今回は人を呪わば穴二つという故事を、身でもって体験するランディウスであった。
『辞令 ネギ=スプリングフィールド
2003年4月2日を以て
麻帆良学園中等部教諭に任命す。
麻帆良学園学園長 近衛近右衛門』
余談だが、同時期に有力な国会議員経由で埼玉県の教育委員会からランディウスに教員免許が発行された。
誰の行動かはバレているかもしれないが。
おまけ
「ふぃーっ、散々な目に遭ったな……」
身も心もボロボロになったランディウスが自室に辿り着いたのは午後9時を回った時刻。
エヴァの日課といいつつも、死と隣合わせなストレス解消に体内時間で5日間も付き合わされたランディウス。
最初のうちは魔力で対抗していたものの、こちらは消費する一方だがエヴァは無尽蔵の魔力というハンデつき。
最後の5日目は逃げの一手でエヴァの体力切れを待ったようなものだ。
事実、これ以上にないくらいにストレスを解消できたエヴァは、お肌艶々でご満悦の表情のまま眠りについたし。
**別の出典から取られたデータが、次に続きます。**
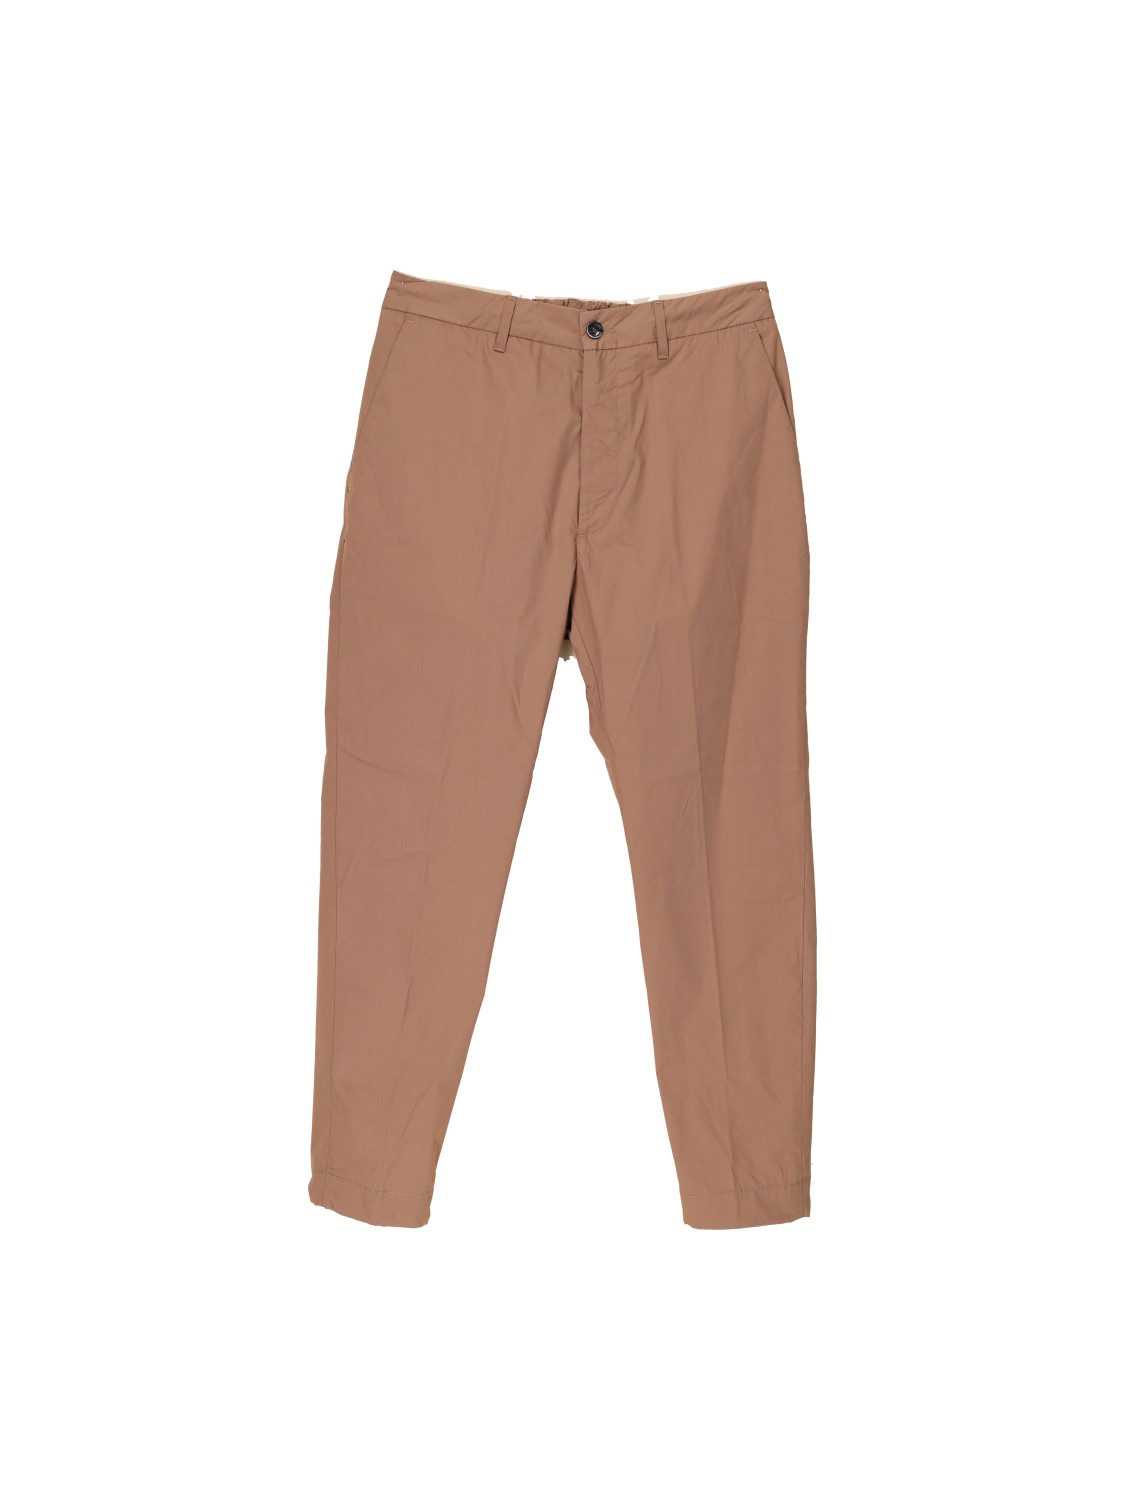 nine in the morning Yoga – cotton blend trousers in chino style  camel 46

「さて、今度こそ風呂に入ってゆっくり寝るとするかな……」
懐から鍵を取り出そうとして、自室の扉に違和感を感じる。
扉の隙間から光がこもれているのを見ると、ランディウスのいない間に誰かが入り込んだようだ。
「全く、またあいつ等か……」
溜息を吐きつつも、自室のドアを開ける。
扉の向こう側では、備え付けたコタツでヌクヌクと垂れている刹那と、コタツの上で愛銃の分解整備をしている真名の姿。
「あ、お帰りなさ~い~」
「ふむ、遅かったじゃないか」
締結したはずの協定はどこ吹く風。
常備してあるお茶と煎餅、それと蜜柑の籠がコタツの上に出されている。
「ああ、もう勝手にやってくれ……っと?」
入り口の反対側、仰向けの状態で寝転びながらコタツに入っているもう1人の侵入者がここにいた。
部屋に入ったばかりのランディウスは気付かなかったが、手を洗うため奥にある流しに行こうとしたところ、その姿が目に入ったのである。
「あ、どもです。お邪魔するです……」
仰向けに寝たまま、愛飲の抹茶コーラのパックを傍らに置きながら読書に耽っているのは、誰あろう夕映である。
挨拶も束の間、再び開いている本に目を戻す。
が、図書館島の最深部で寛ぐ夕映の姿を知るランディウス。
その今のコタツで寝転びながら読書に耽る夕映が、これまで以上に幸せそうであることを――――
ツッコミはいらない。
心境の変化であろうと、その幸せそうな彼女を邪魔する気にはなれない。
「寛ぐのはいいが、消灯時間になったら帰るんだぞ……」
ただ一言だけ、釘を刺す。
返る言葉は無かったが、その場の雰囲気に和やかな時間が再来する。
刹那と真名の2人はともかく、許可もなく押し入ったことに、いくら夕映とはいえ気にしていないわけではなかったのだろう。
とりあえず、照れ隠しに抹茶コーラをひと啜りする夕映。
それを見た真名が、どこか楽しげな笑みを浮かべていたとか……
少し気恥ずかしくなったランディウスはそそくさと自分の着替えを持ち、風呂場へと向かうのであった。
後日、ランディウス亭には静かな読書空間を求めて、ある少女が時折出入りするようになったのは言うまでもない。